Like I said, I haven't gotten too far into it, but one of the other ideas that
keeps coming to mind is to have some sort of cost model in the language,
because one of my other I Have A Dream elements of a new language is the
ability to make assertions about blocks of code like "this code is inlined" or
(in a GC'ed language) "this variable is stack allocated", or in the case of
crypto code, "this code is optimized only to constant-time operations". These
assertions wouldn't make the thing they are asserting happen, because
experience over the decades shows that that doesn't work (witness the way that
inline pragmas have gotten consistently weaker over the years to the point
that I believe they're no-ops in many environments), but they'd be signs to
the compiler to say back to the user that if the constraint is violated,
here's a clear message explaining why.

The idea could be adapted to something like "this block of code only copies
the data to the GPU once" or some variant of that claim (a given byte only
copied once).

I think a similar thing could be used for some interesting network/cloud
transparency, too, where the language permits wiring up function
calls/messages/whatever transparently, but you can use labeling to make
compile-time (or possibly start-up time) assertions about how expensive the
result is going to be.
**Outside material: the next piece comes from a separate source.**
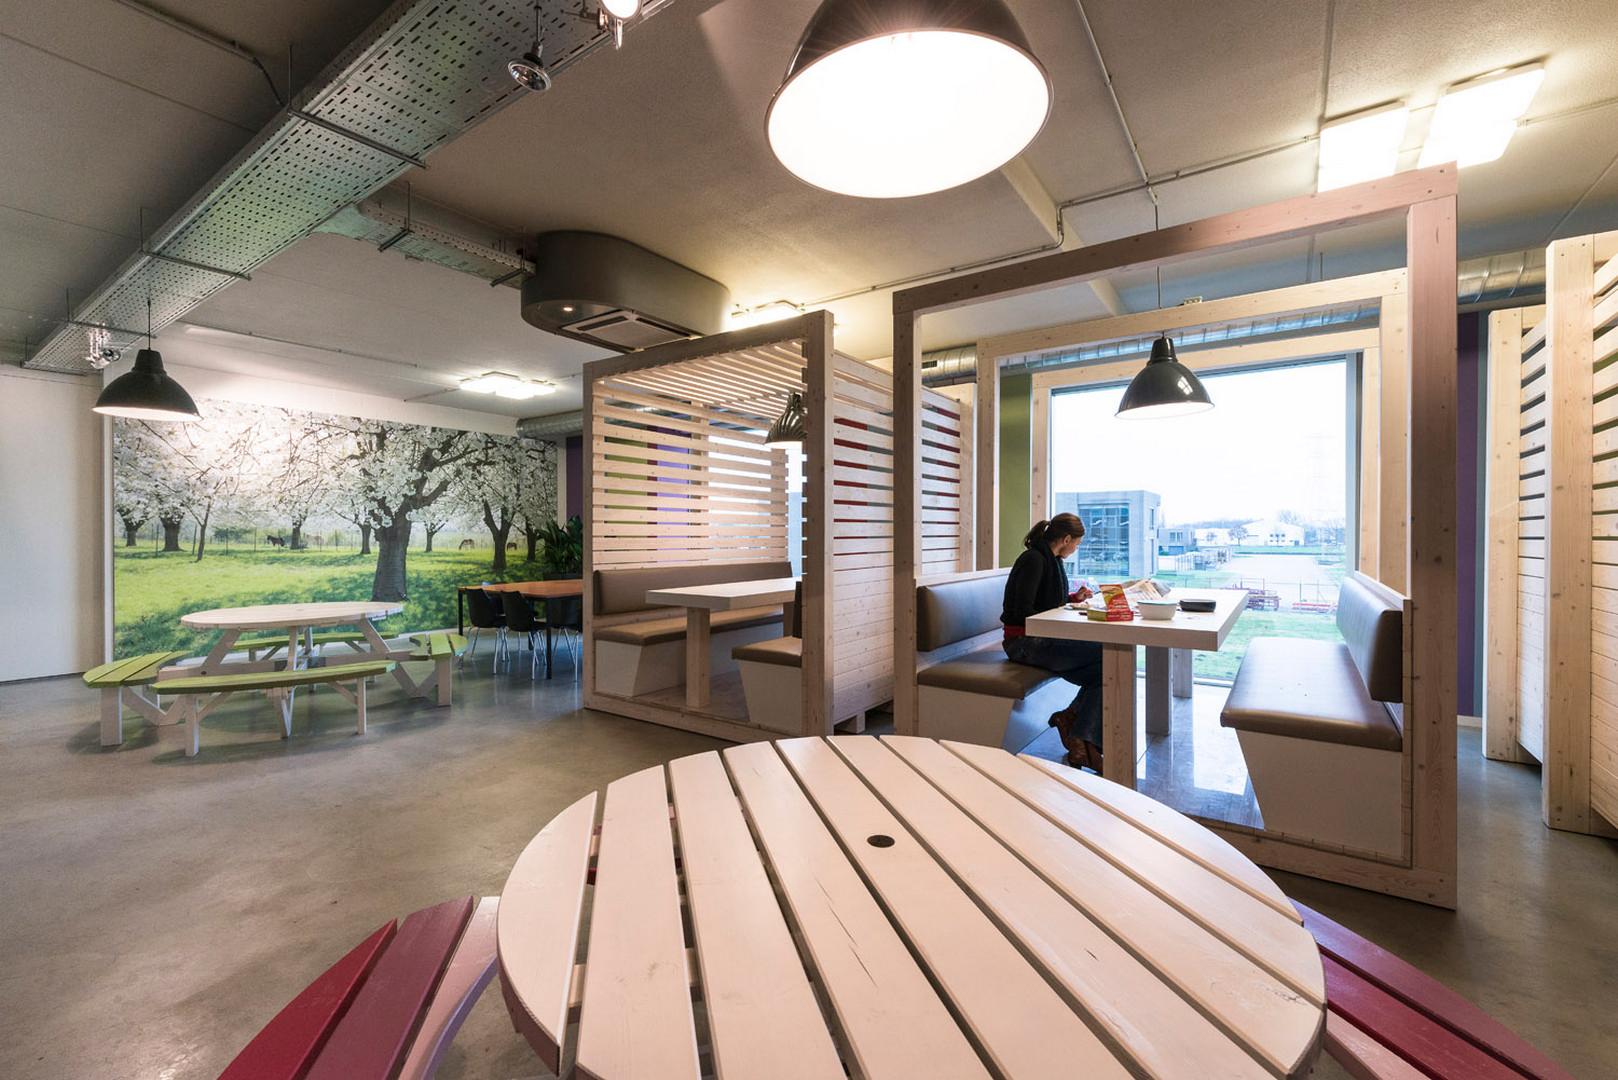 1 Wim Celis Office 14

I've tossed around the idea of making a function call
not necessarily be the fundamental primitive, but maybe have something weaker
than that be the cross-module default, like an Erlang message pass. One of the
reasons networks are such a pain to work with in conventional programming
languages is the mismatch between function calls and network operations; it
would be interesting to expand on Erlang and see if we might be able to
address that via weakening the function call across modules.

Anyhow, like I said, I'll never get to any of this, but I do sort of feel like
there's a surprising amount of room for a new language out there that doesn't
get explored very well because people keep remaking Python or something like D
over and over again, just with slightly different spelling.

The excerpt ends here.